What is being taught in schools?

Discussion in 'Civil War' started by Eliza, Dec 8, 2012.

  1. jrj1701

    jrj1701 Member

    Exactly. That the southern plantation owners believed that they would be better off without the "Damn Yankees" and justified their poor stewardship of the land and slavery with a generous misuse of the scriptures they were eager to be their own nation where the southern aristocracy would govern the south as they saw fit. Slavery most likely would have ended due to European pressure.
  2. Interrogator#6

    Interrogator#6 Active Member

    Slavery most likely would have ended due to European pressure.

    Exactly how would the Europeans been able to pressure the South to give up her slaves?

    As I wrote before I am transcribing a pro-slavery book at this period (a couple of pages a day) and so I feel somewhat current with the state of mind of at least some in the South at the time. I am currently working on an essay circa 1832 in response to the writings of an English woman who championed the abolitionist movement.
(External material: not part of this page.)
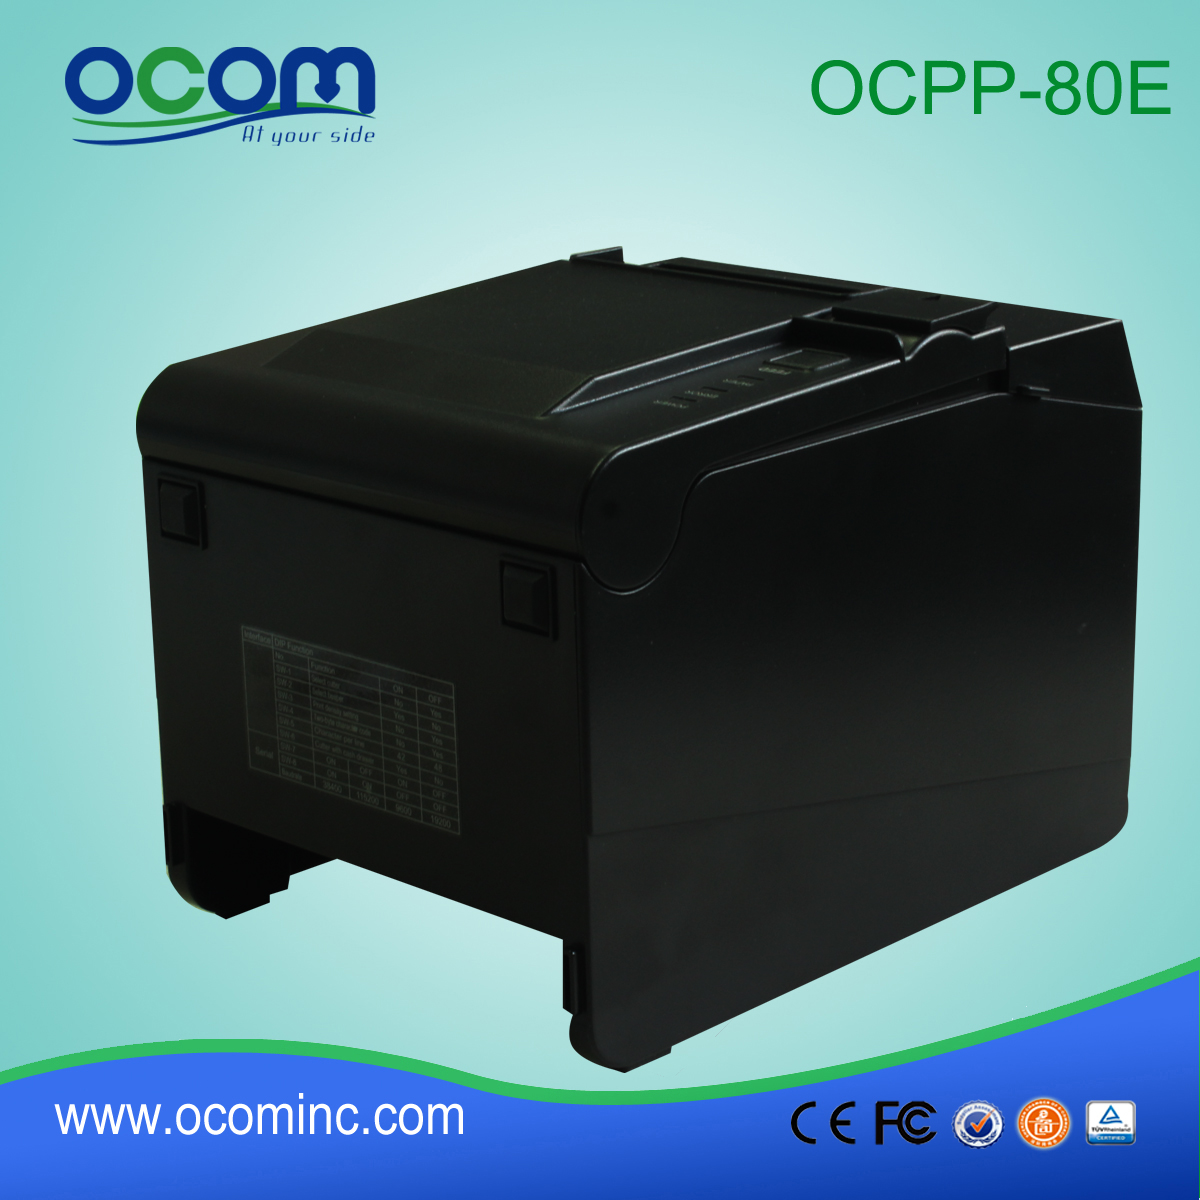 高品质票据打印机(OCPP-80E)

And this is just discussing temporal matters, not the divine pronouncement (based upon Scripture) of the sanctity of the institution of slavery.

    As far as I have been able to puzzle out the South's response to the arguments of the abolitionists is that slavery will persist as long as it is will be economically viable, unless artificially interfered with. And the introduction of the COTTON GIN renewed the economic viability of slavery as a means of LABOR. With the cotton gin the production of cotton exploded, making it a export crop, bringing vast wealth to those who owned both land and slaves.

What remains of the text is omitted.